From the command line

# Real-time on NPU with all optimizations (models auto-download)
babelvox \
  --device NPU \
  --int8 \
  --cp-kv-cache \
  --talker-buckets "64,128,256" \
  --text "Hello, this is real-time speech synthesis on an Intel NPU." \
  --output hello.wav

# CPU-only (no NPU required, ~1.1x RTF)
babelvox \
  --device CPU \
  --int8 \
  --cp-kv-cache \
  --text "Hello world" \
  --output hello.wav

Model export (one-time setup)

BabelVox needs pre-exported OpenVINO IR models. The export scripts in tools/ require PyTorch and the original Qwen3-TTS model (~2.4 GB download):

pip install torch qwen-tts nncf

# Export OpenVINO IR models
python tools/export_tts_lm.py
python tools/export_speaker_encoder.py
python tools/export_decoder.py
python tools/export_tokenizer_encoder.py
python tools/export_cp_kvcache.py
python tools/export_weights.py

# Quantize to INT8 (recommended)
python tools/quantize_models.py --int8

After export, PyTorch is no longer needed.

Performance

Optimization progression

Optimization RTF Per-step Notes
FP16 NPU baseline 3.0x 246 ms Full-recompute, padded to 256 tokens
+ INT8 quantization 2.1x 156 ms NNCF INT8_SYM weight compression
+ CP KV cache 1.4x 106 ms Eliminates redundant code predictor recomputation
+ Multi-bucket talker 1.0x ~80 ms Dynamically picks smallest NPU shape per step

RTF = Real-Time Factor. RTF=1.0x means generating 1 second of audio takes 1 second of compute.

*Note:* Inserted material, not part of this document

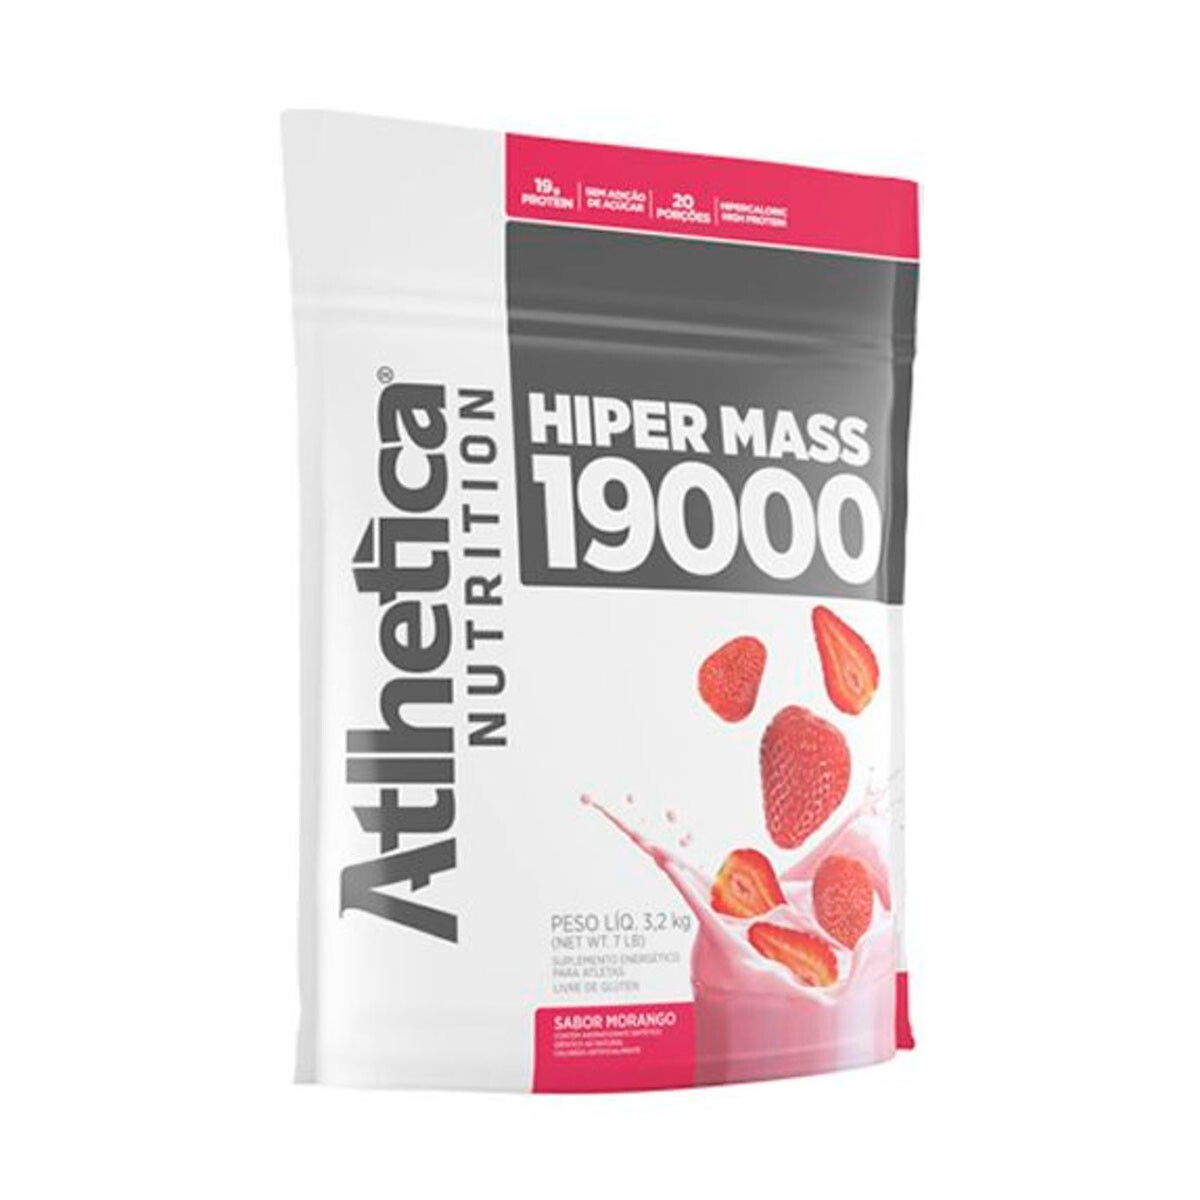 Atlhetica Hiper Mass 19000 3.2kg - Frutilla

Where the time goes (INT8 + CP KV cache, 256-token bucket)

Component Device Time Share
Talker (28-layer transformer) NPU 61 ms 57%
Code predictor (15 groups) CPU 45 ms 43%
Numpy overhead (embeddings, sampling) CPU <1 ms <1%

Multi-bucket scaling

The talker scales linearly with sequence length on NPU. Pre-compiling at multiple sizes and routing to the smallest bucket that fits dramatically reduces wasted compute:

Bucket size Talker time Total (+ 45ms CP) Effective RTF
64 15 ms 60 ms 0.72x
128 22 ms 67 ms 0.80x
192 31 ms 76 ms 0.91x
256 43 ms 88 ms 1.06x

Hardware tested

  • CPU: Intel Core Ultra 7 258V (Lunar Lake)
  • NPU: Intel AI Boost (~13 TOPS)
  • RAM: 32 GB LPDDR5x
  • Device: Samsung Galaxy Book5 Pro

Architecture

Qwen3-TTS uses 5 model components orchestrated in an autoregressive loop:

Text --> Tokenizer --> Text Embeddings --> Talker (28L transformer) --> Codec code_0
                                               |
                       Speaker Embedding ------+    code_0 --> Code Predictor (5L) --> codes 1-15
                       (from reference audio)            \--> repeat 15x with KV cache
                                                                     |
                                           All 16 codes --> Tokenizer Decoder --> Waveform
Component Layers Hidden Heads Device INT8 size
Talker 28 1024 16Q/8KV NPU 444 MB
Code predictor 5 1024 16Q/8KV CPU 79 MB
Tokenizer encoder -- -- -- NPU 48 MB
Tokenizer decoder -- -- -- NPU 114 MB
Speaker encoder -- -- -- NPU 9 MB

CLI reference

Flag Default Description
--device CPU CPU or NPU
--int8 off Use INT8 quantized models
--precision fp16 fp16, int8, int4, or fp32
--cp-kv-cache off KV cache for code predictor (recommended)
--talker-buckets none Comma-separated NPU bucket sizes (e.g. 64,128,256)
--kv-cache off KV cache for talker (not recommended on NPU)
--max-tokens 200 Maximum generation steps
--max-talker-seq 256 Fixed talker padding (when not using buckets)
--max-decoder-frames 256 Max codec frames for audio decoder
--max-kv-len 256 KV cache buffer size (if --kv-cache)
--text demo text Text to synthesize
--language English Language for synthesis
--ref-audio none Reference audio for voice cloning
--output / -o output.wav Output WAV file path
--export-dir openvino_export Directory with exported models
--model-path Qwen/Qwen3-TTS-12Hz-0.6B-Base HuggingFace model (tokenizer)

Acknowledgments

Based on Qwen3-TTS by Alibaba Qwen Team (Apache-2.0).

License

Apache-2.0

Project details


Download files

Download the file for your platform. If you're not sure which to choose, learn more about installing packages.

Source Distribution

babelvox-0.2.0.tar.gz (19.4 kB view details)

Uploaded Source

Built Distribution

If you're not sure about the file name format, learn more about wheel file names.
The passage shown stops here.